» **Stored data**
Start of Block
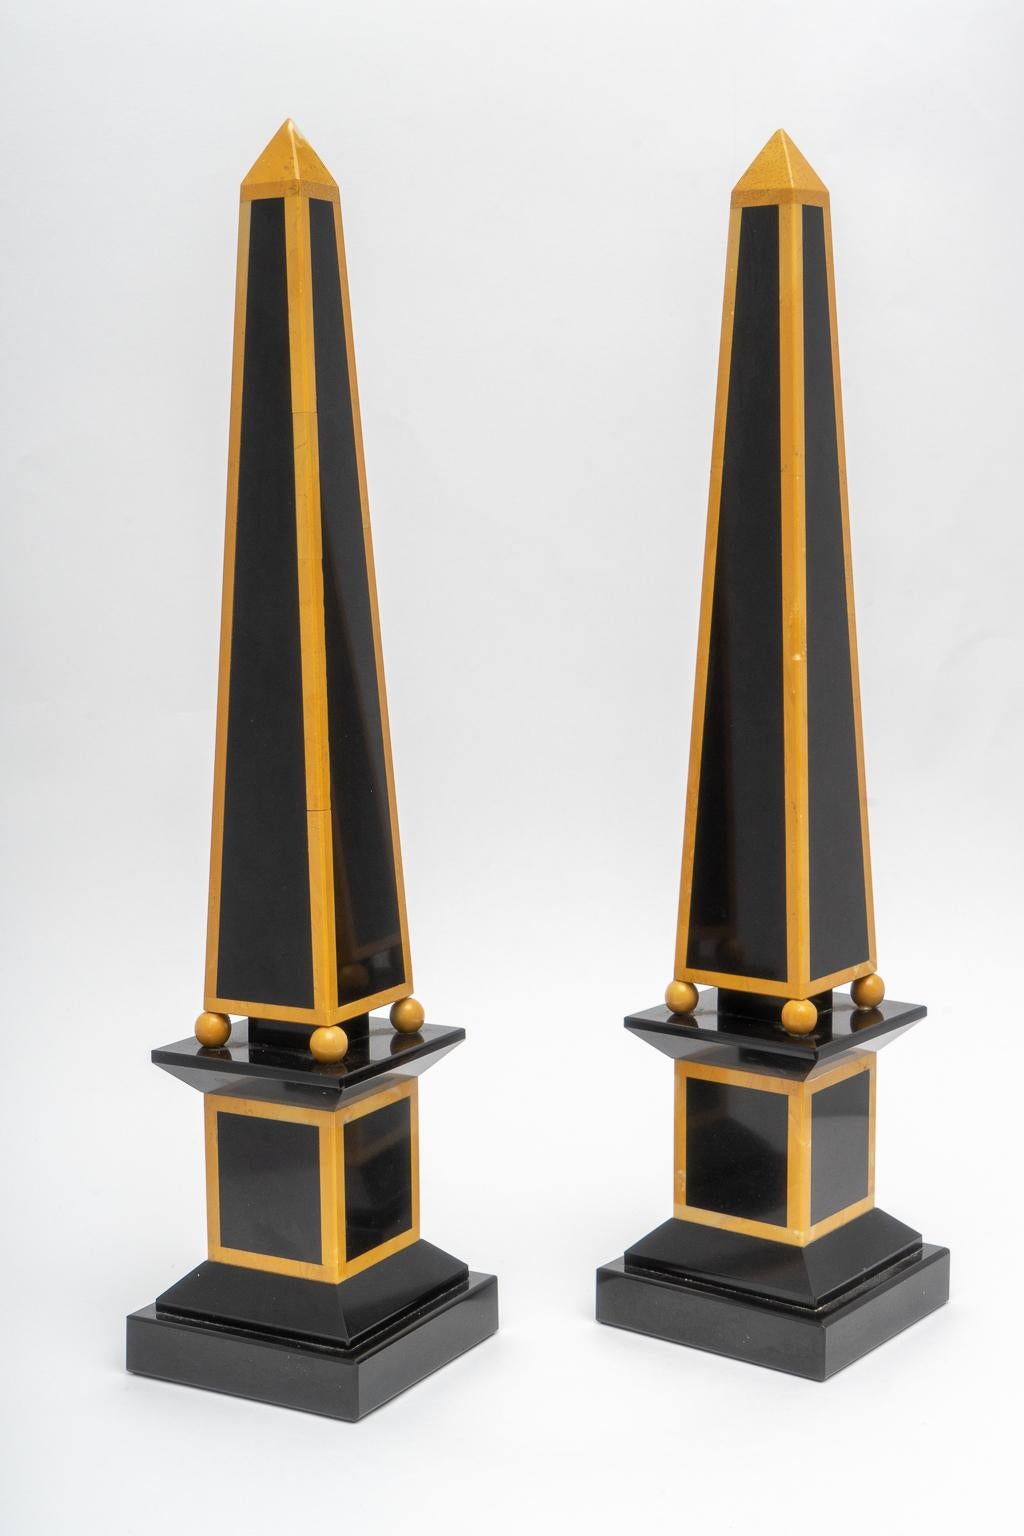 This stylish set of Egyptian Revival marble obelisks date to the 1920s-1930s and were acquired from a Palm Beach estate. The pieces are fabricated in black and mustard colored marbles.
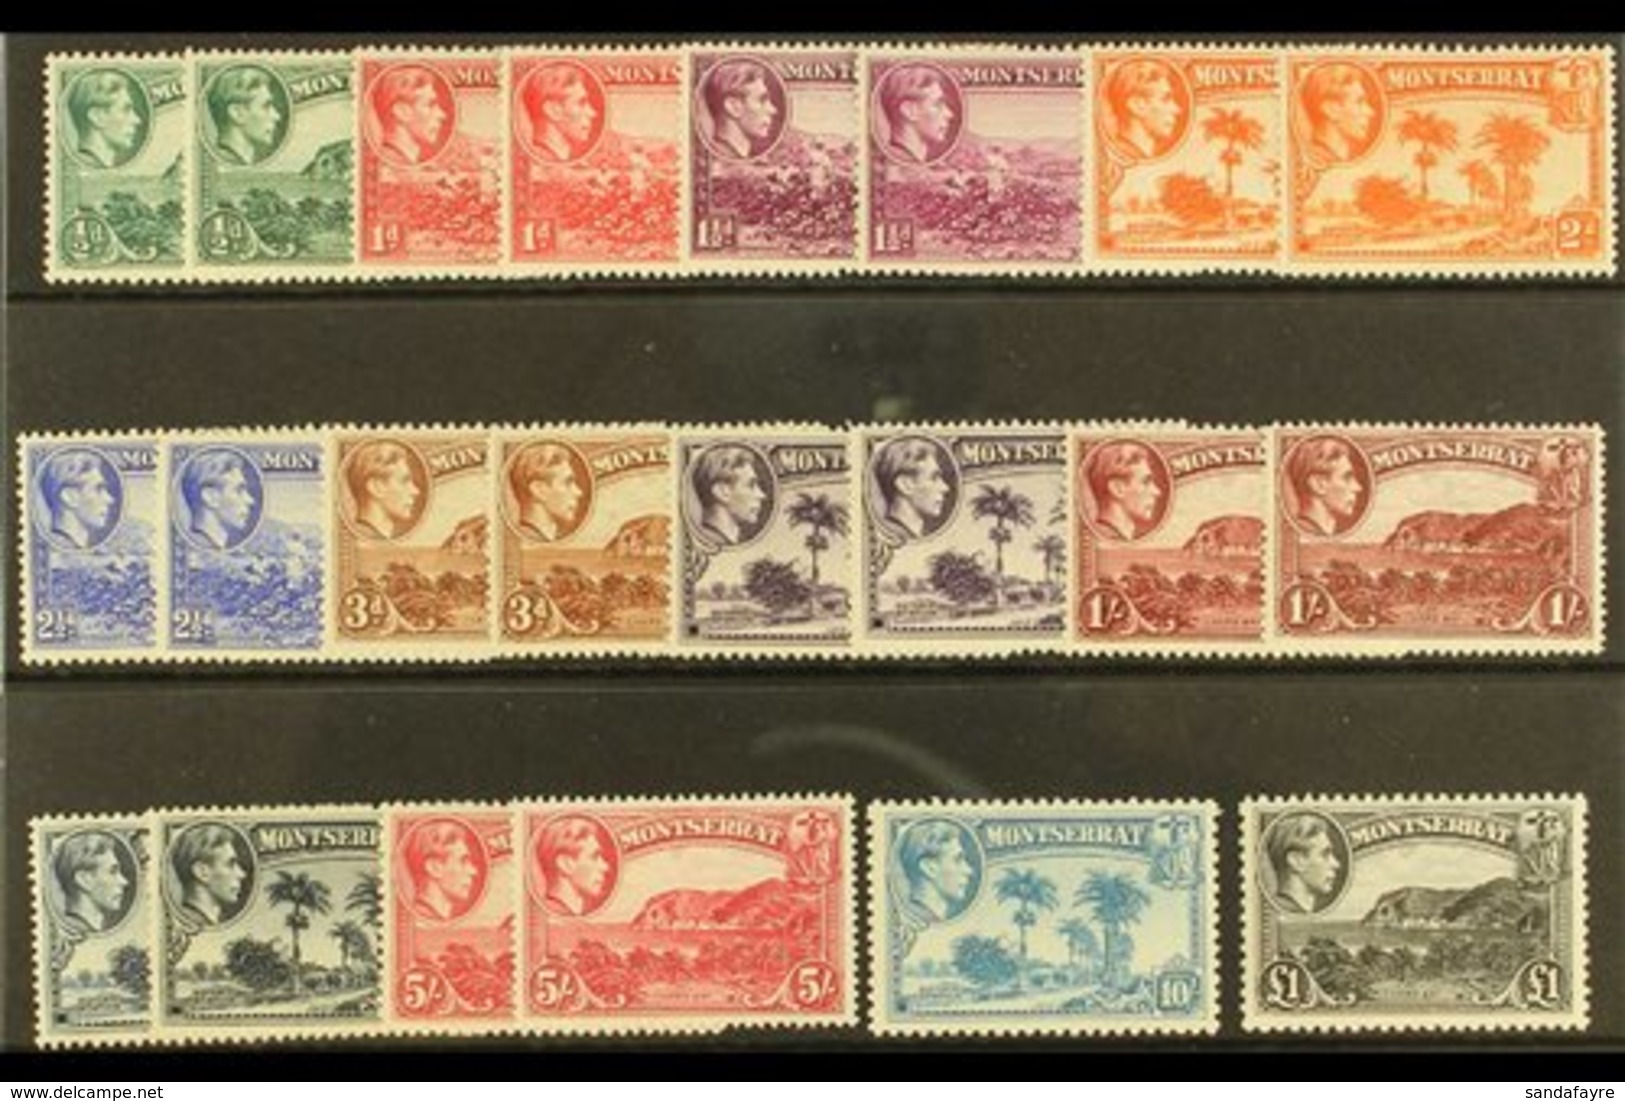 1938-48 Pictorial Definitive Set With ALL Listed Perforation Variants, SG 101/12, Never Hinged Mint (22 Stamps) For More - Montserrat
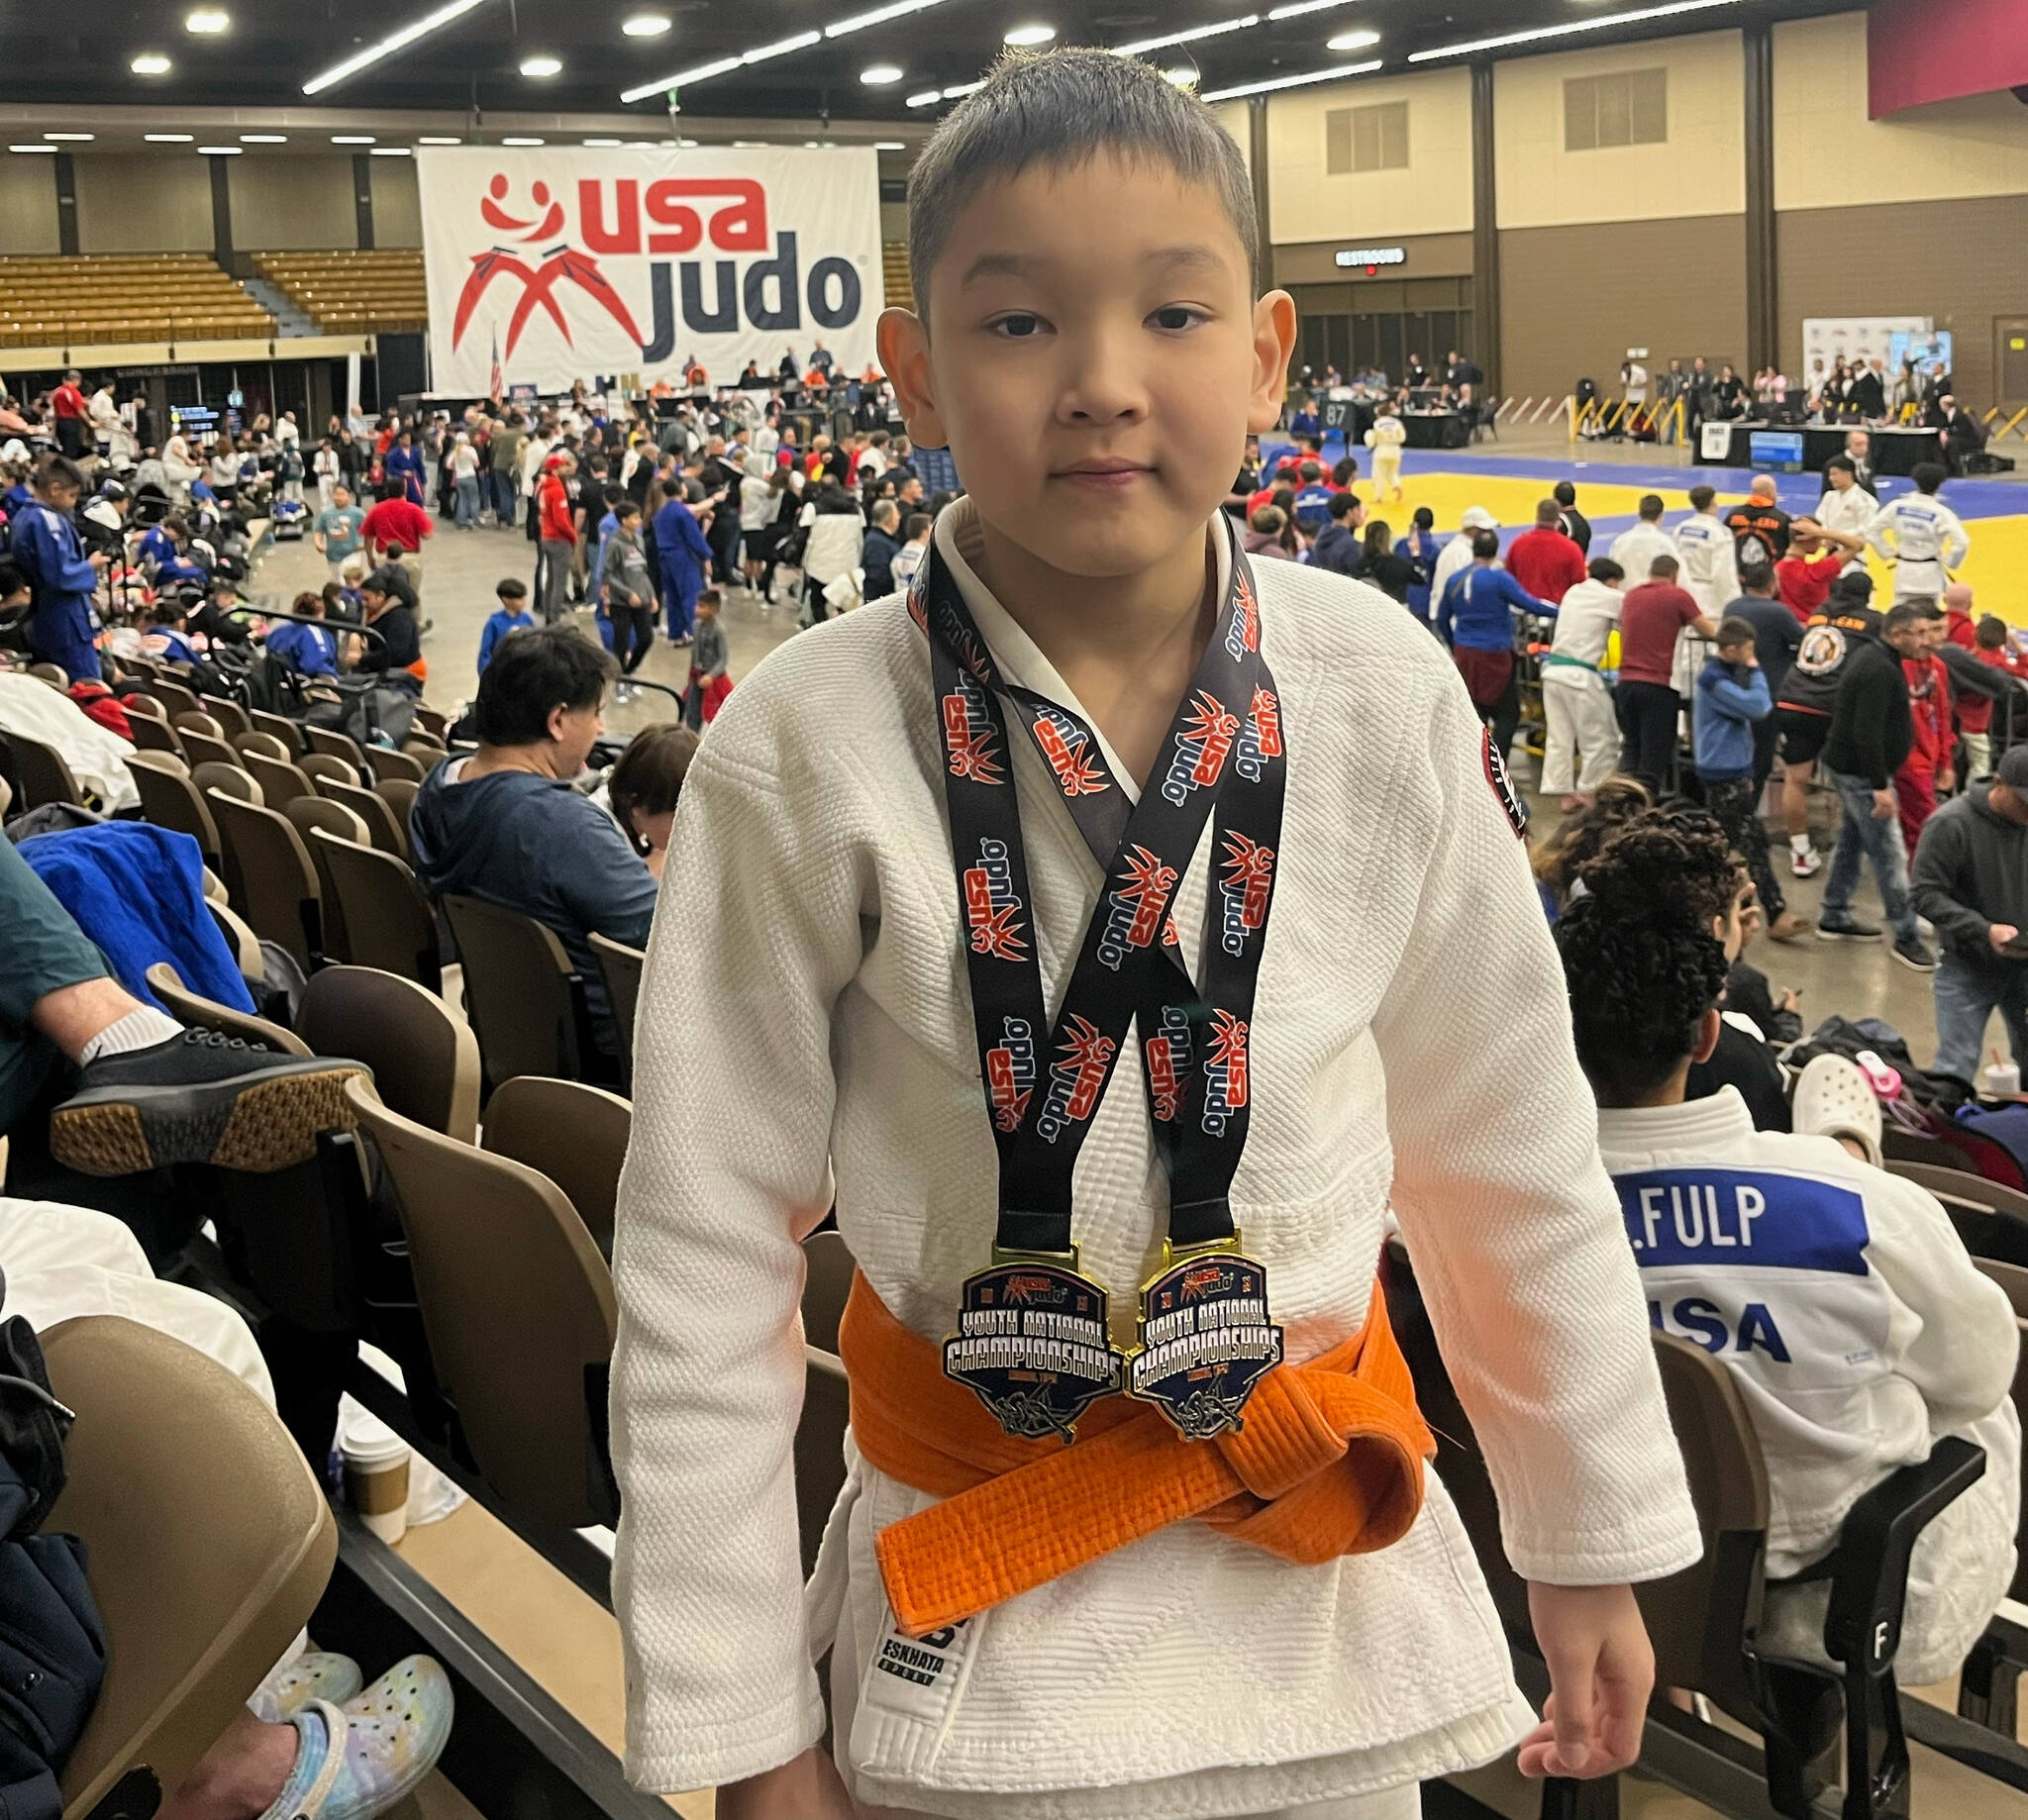 Northwood Elementary School student Mikhail Zulaev won a pair of titles at the USA JUDO Youth National Championships from March 18-19 in Lubbock, Texas. Mikhail, who trains at the Washington Judo Academy, won the Bantam 4 male/under 30 kg and the Bantam 5 male/under 29 kg divisions. Islander Jayne Loo of the Budokan Judo Dojo-Japanese Cultural & Community Center of Washington placed first in the IJF junior female/under 48 kg division. She was a 2022 Junior World Team member and 2022 Junior Olympic bronze medalist. Courtesy photo
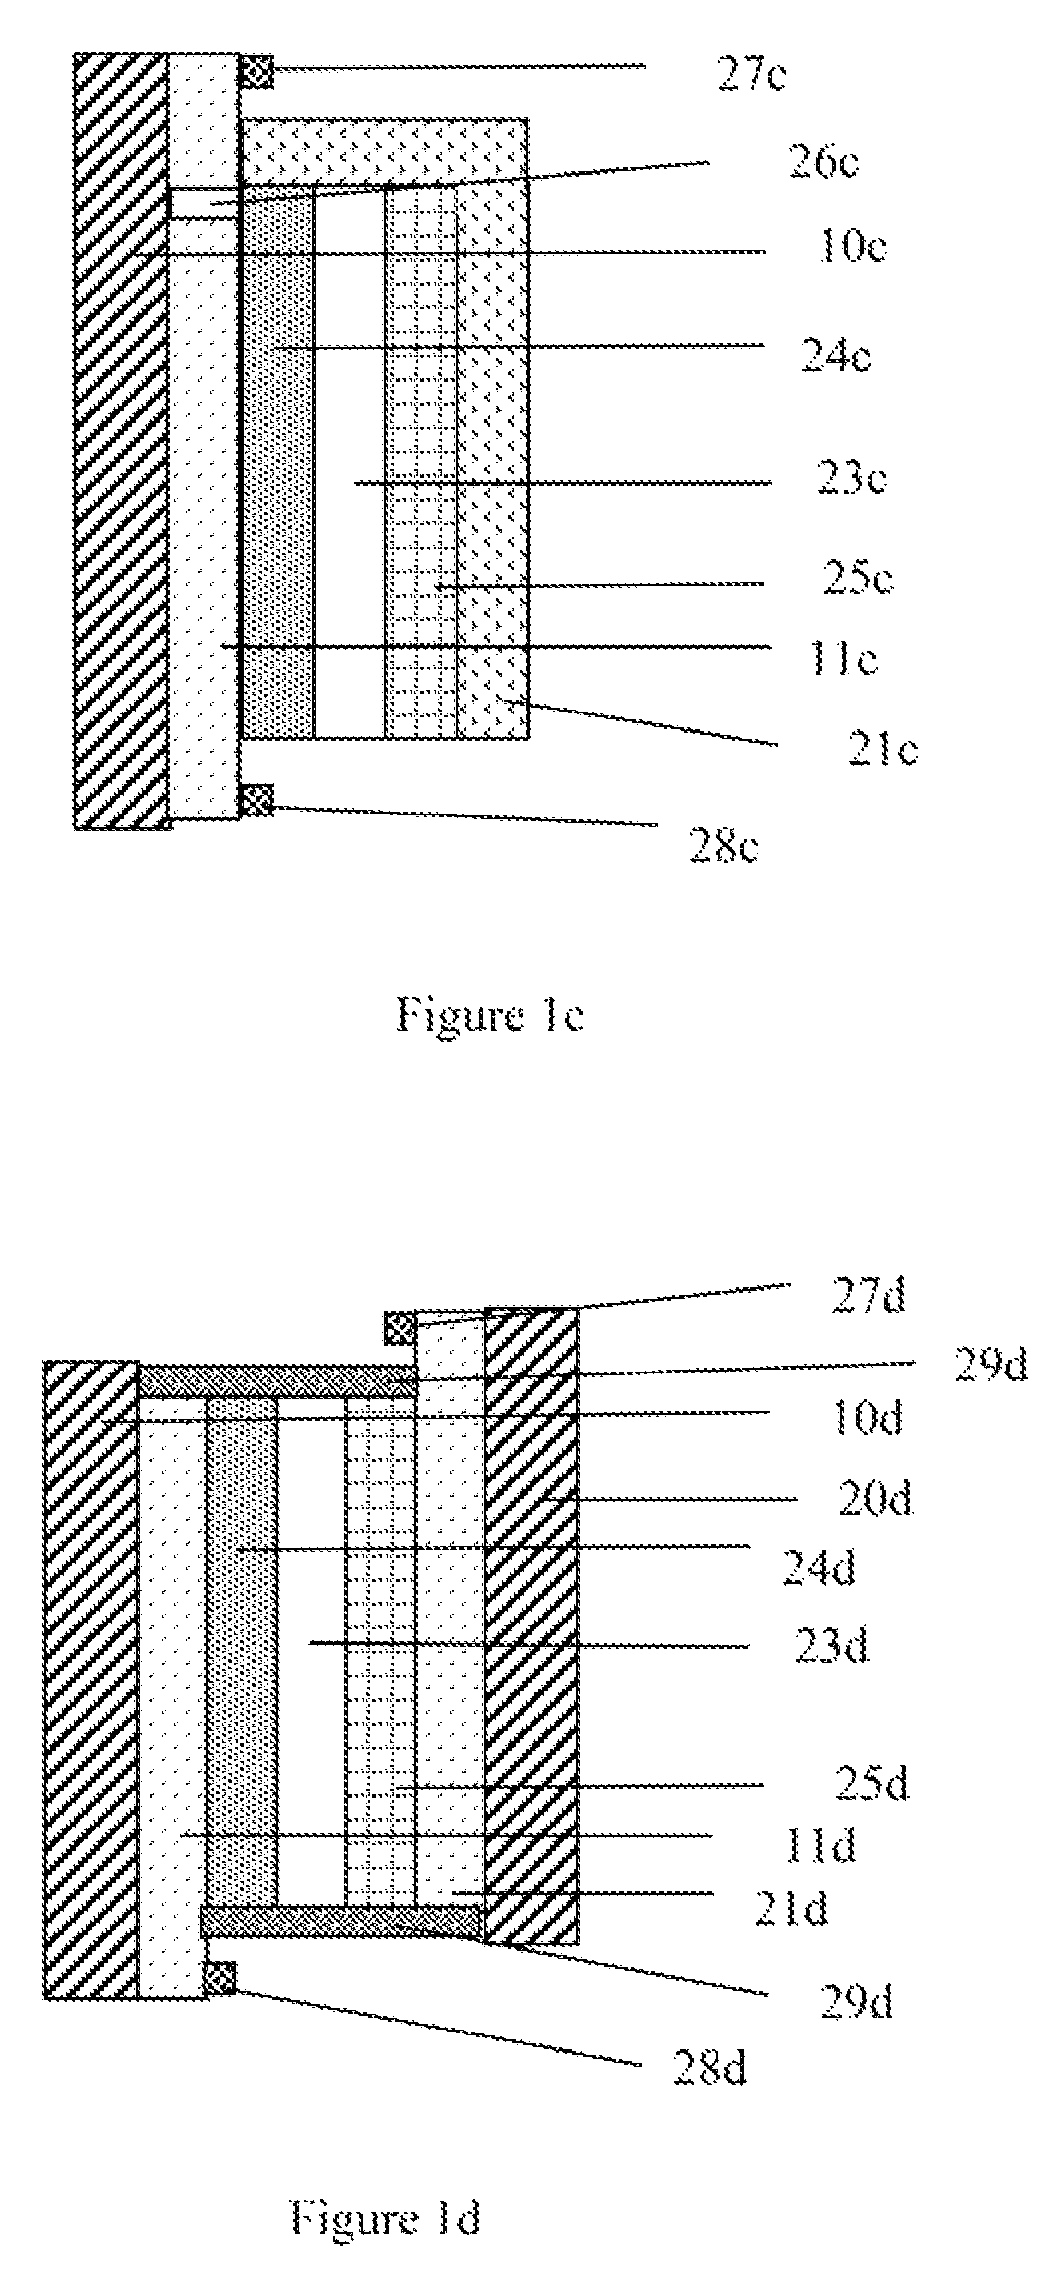 Conductive busbars and sealants for chromogenic devices
End of Block
» **Activity**
Return the lines of the data above in full and exactly, with no pictures.

» **Answer to the problem**
 This stylish set of Egyptian Revival marble obelisks date to the 1920s-1930s and were acquired from a Palm Beach estate. The pieces are fabricated in black and mustard colored marbles.
 1938-48 Pictorial Definitive Set With ALL Listed Perforation Variants, SG 101/12, Never Hinged Mint (22 Stamps) For More - Montserrat
 Northwood Elementary School student Mikhail Zulaev won a pair of titles at the USA JUDO Youth National Championships from March 18-19 in Lubbock, Texas. Mikhail, who trains at the Washington Judo Academy, won the Bantam 4 male/under 30 kg and the Bantam 5 male/under 29 kg divisions. Islander Jayne Loo of the Budokan Judo Dojo-Japanese Cultural & Community Center of Washington placed first in the IJF junior female/under 48 kg division. She was a 2022 Junior World Team member and 2022 Junior Olympic bronze medalist. Courtesy photo
 Conductive busbars and sealants for chromogenic devices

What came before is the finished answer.